Но когда я услышал свой смех, в голове промелькнула шальная мысль: Неужели я опять забыл о своем обучении? Смех, в конце концов, никогда не бывает нейтральным или неактуальным - или не для антропологов. Мы склонны игнорировать его, поскольку он кажется нам просто неизбежным элементом социального взаимодействия или психологическим клапаном безопасности. Но смех непреднамеренно определяет социальные группы, поскольку для того, чтобы "понять" шутку, необходимо иметь общую культурную базу. Инсайдеры знают, когда нужно смеяться, даже инстинктивно; аутсайдеры не "понимают". Веселье делает и другое: оно помогает сообществу хотя бы отчасти разобраться с многочисленными двусмысленностями и противоречиями в повседневной жизни. Это важно - и важно, как показывает работа другого антрополога, Даниэля Соулелеса. В 2012-2014 гг. Сулелес изучал индустрию прямых инвестиций на Уолл-стрит, применяя для этого те же методы, которые я использовал для изучения CDO: посещение банковских конференций и последующая расшифровка увиденных ритуалов и символики. Его поразило то, как часто руководители компаний, занимающихся прямыми инвестициями, устраивают ритуальные приступы смеха. Он начал собирать эти шутки, проявляя такое же пристальное внимание к деталям и чувство удивления, как, например, Леви-Стросс, когда он собирал мифы племен джунглей Амазонки. Как он позже объяснил в статье с броским названием "Не смешивайте Паксил, Виагру и Ксанакс: What Financiers' Jokes Say About Inequality", эти шутки не были нейтральными или неуместными.

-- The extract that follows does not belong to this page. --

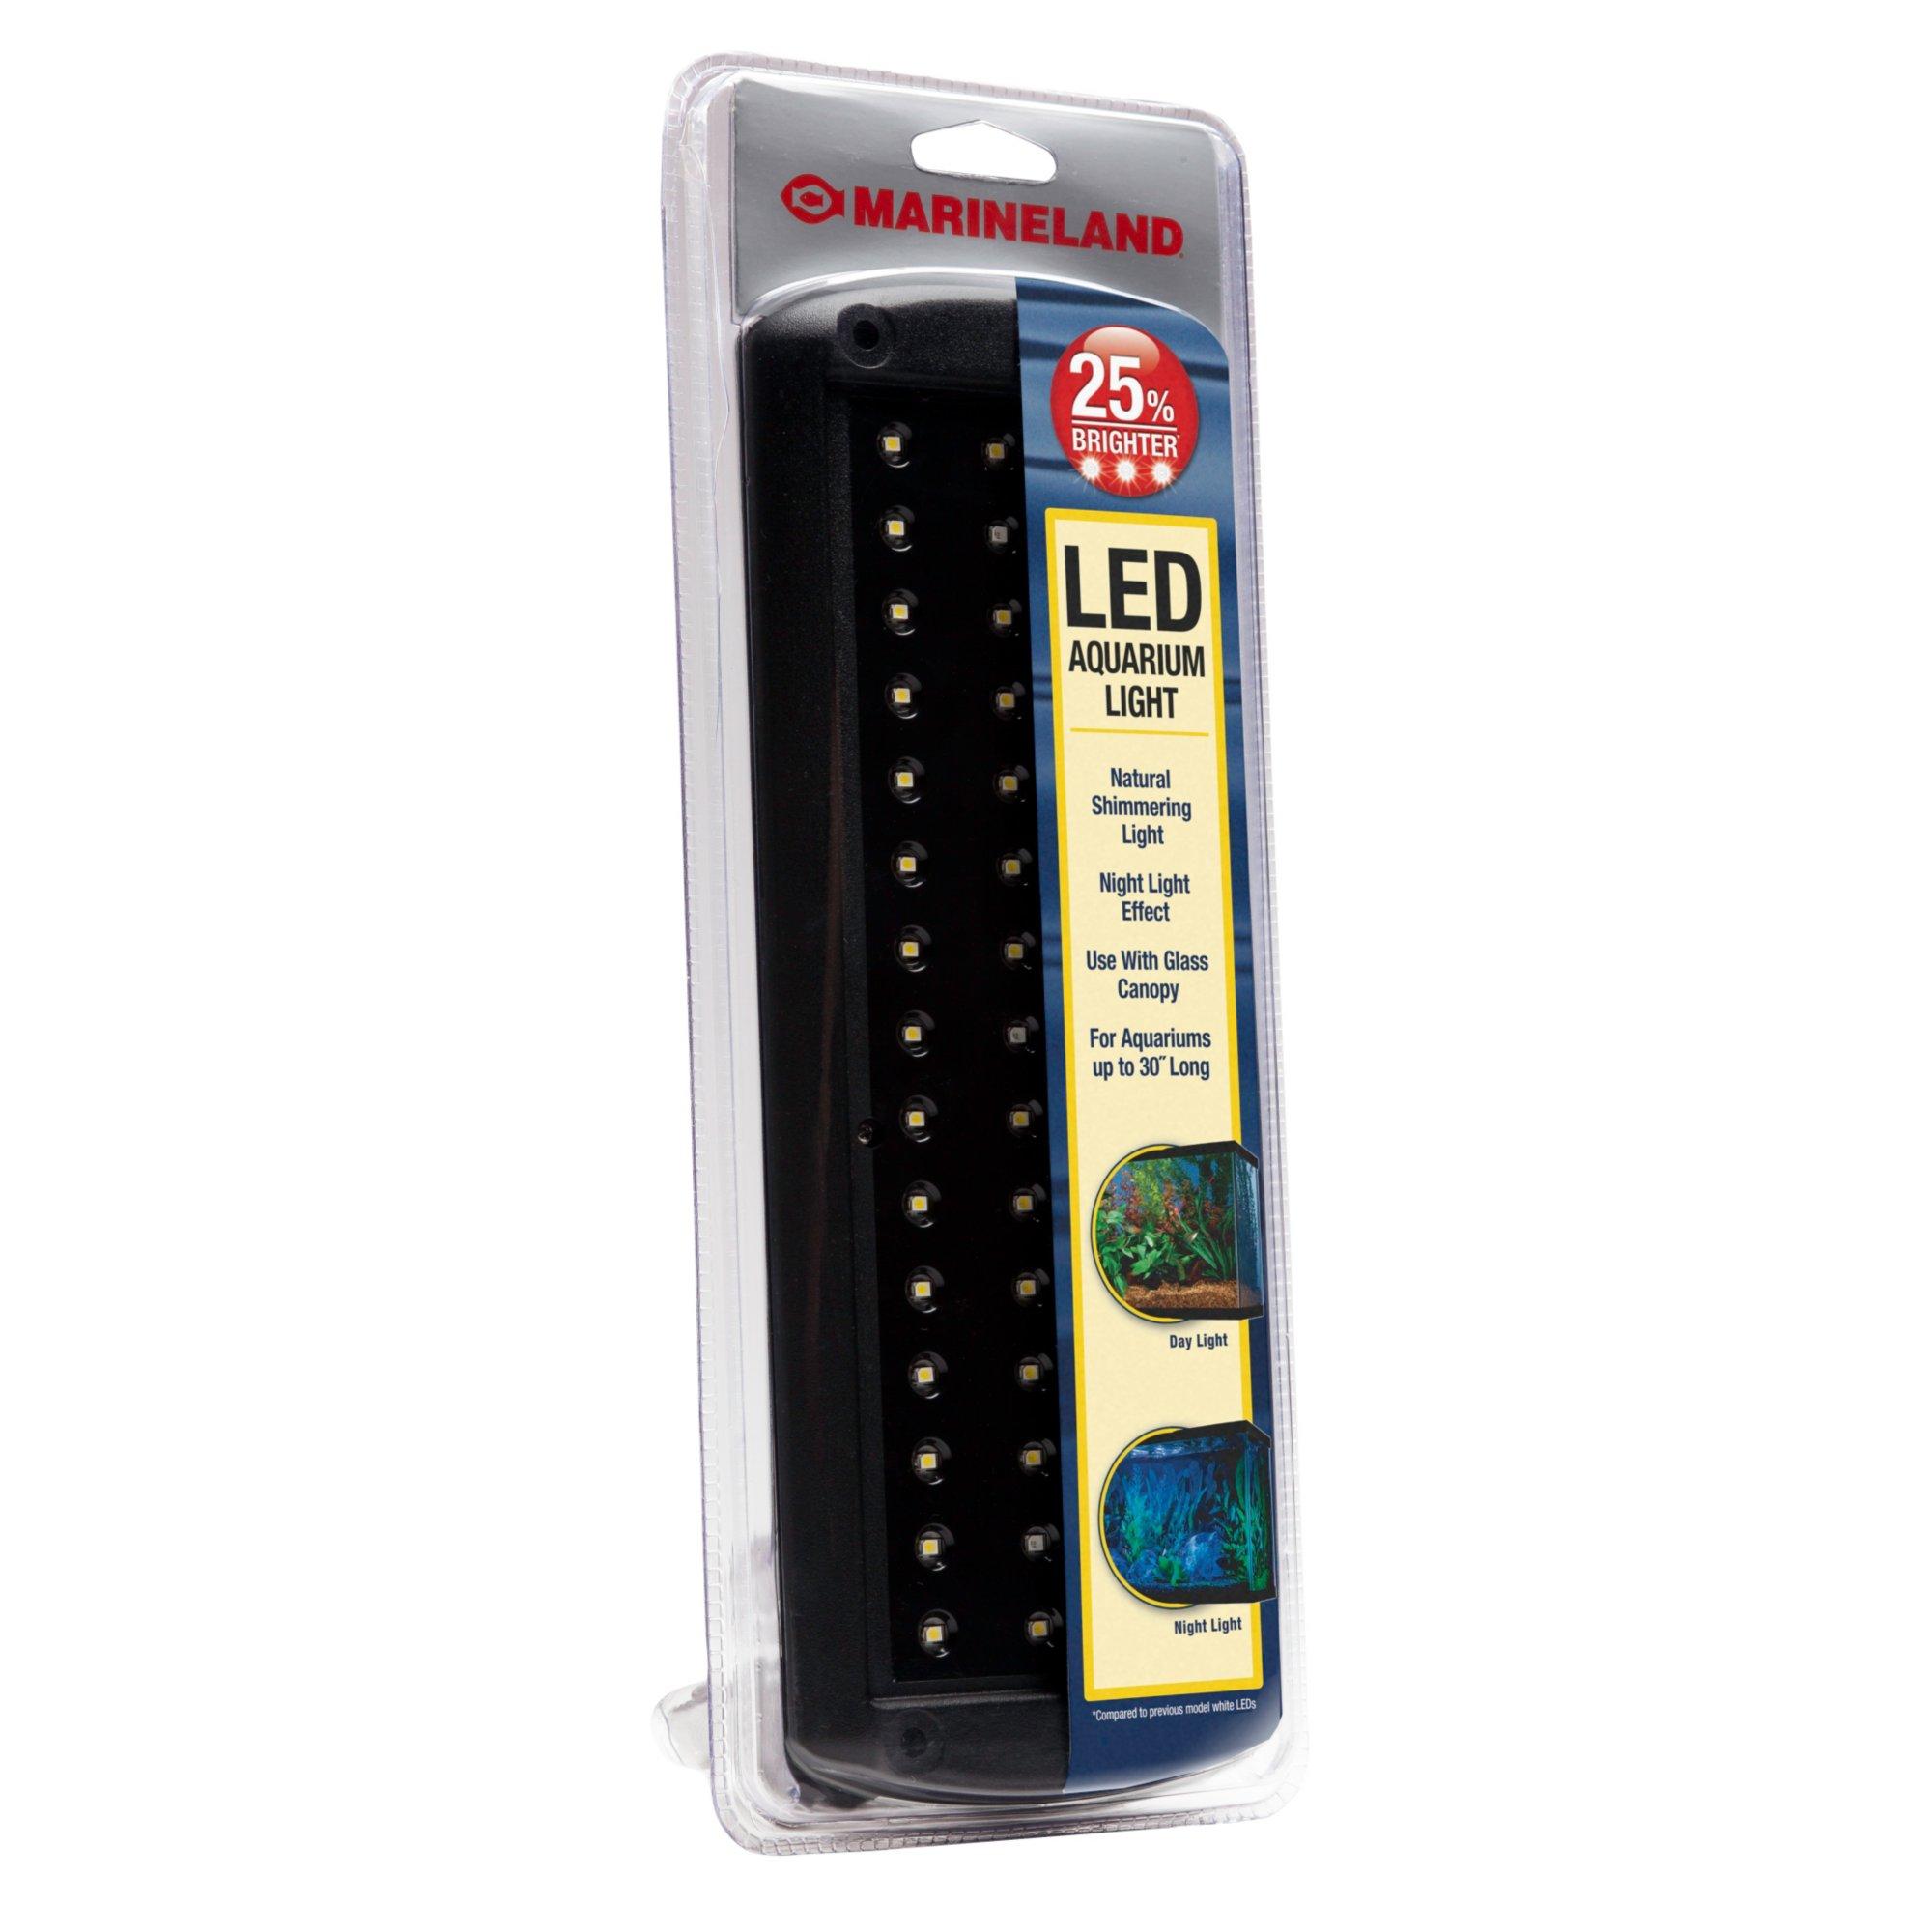 Marineland LED Aquarium Light Bar | Petco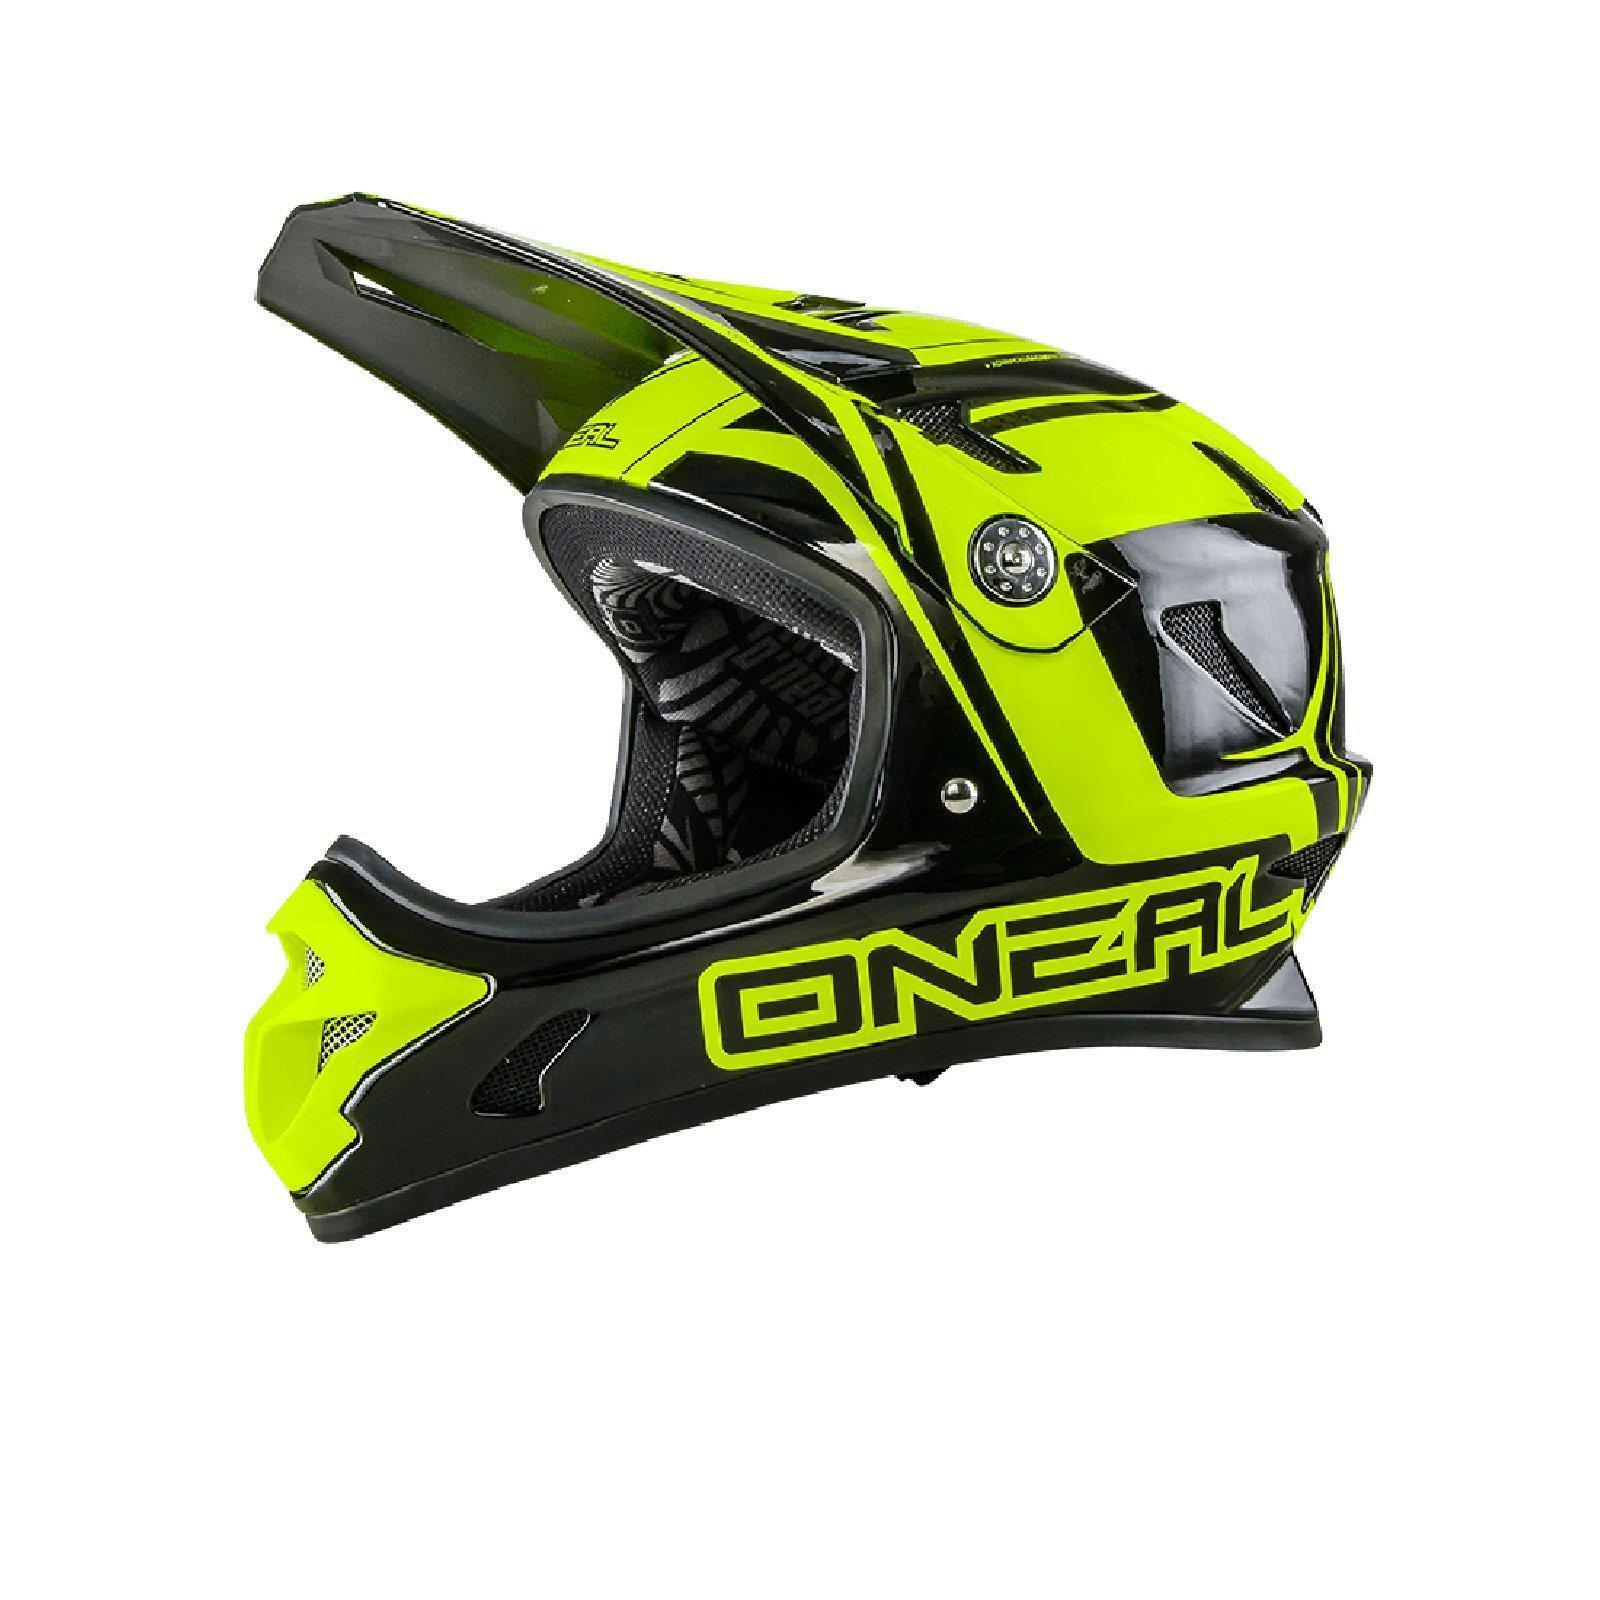 ONeal Spark DH Helm black yellow MTB Fullface Downhill Enduro Mountainbike Trail

То, что финансисты расхватывали их на конференциях, укрепляло ощущение, что существует группа элитных специалистов по заключению сделок. Это также помогло им справиться с потенциальными противоречиями в их основополагающем кредо. К 2012 г., после Великого финансового краха, руководители компаний прямых инвестиций поняли, что находятся под ударом со стороны политиков и общественных активистов. Они стремились защитить себя и придумали мощную риторику (или нарратив) о том, что частный капитал якобы делает американскую экономику более эффективной и динамичной. Однако, как и миф о создании, придуманный торговцами деривативами, которых я видел на Ривьере в 2005 г., риторика прямых инвестиций содержала множество интеллектуальных противоречий, которые финансисты не хотели устранять. Одним из способов сближения вокруг чувства общей амбивалентности были внутренние шутки.
Журналисты также использовали шутки подобным образом. Когда они смеялись над использованием Трампом слова "bigly", они иногда делали это потому, что презрительно предполагали, что его кажущееся (неправильное) использование языка свидетельствует о его непригодности к должности. Такая открытая неприязнь и осознанное презрение были видимым "шумом". Однако причина, по которой "по-крупному" звучало так забавно, лежала в области социальной "тишины", которую мало кто в СМИ хотел признавать. Большинство журналистов считали само собой разумеющимся, что для формирования повестки дня общественной жизни необходимо говорить "правильно", используя слова и фразы, которые обычно прививаются образованным людям. Владение языком было одной из немногих форм публично приемлемого элитизма и снобизма в Америке, поскольку предполагало наличие чувства меритократии, обусловленного личными образовательными достижениями. Это предположение ежедневно подкреплялось в публичной сфере, поскольку люди, контролировавшие телеэкраны, газеты, радиопередачи и многие другие сферы влияния, делали это с помощью слов. Владение языком и образование рассматривались как необходимое условие для обретения власти, а отсутствие владения языком, наоборот, - как то, что не позволяет получить власть.
Но далеко не все в Америке считали, что владеют словом, не говоря уже о деньгах или власти. Большинство так не считало. Это породило эпистемологический раскол, о котором элиты зачастую лишь смутно догадывались. Я понял это на собственном опыте из-за ошибки, которую совершил сам. Летом 2016 года я неправильно предсказал голосование в Великобритании по Brexit: поскольку мне лично была неприятна идея выхода из Европейского союза (отчасти потому, что моя собственная идентичность была овеяна чувством глобализации и европейской принадлежности), я экстраполировал свои чувства на всех остальных и ошибочно предположил, что британцы проголосуют за то, чтобы остаться в Европейском союзе. Результат шокировал меня. Огорченный, я решил лучше разобраться с выборами в США и в последующие месяцы старался слушать как можно больше разных американцев, с максимально открытым сердцем, чтобы услышать, что люди говорят и чего не говорят. Такой подход убедил меня в том, что уровень враждебности к Клинтон был гораздо выше, чем принято считать, и что многие люди жаждали потрясений и были необычайно готовы пойти на риск, чтобы добиться этих потрясений.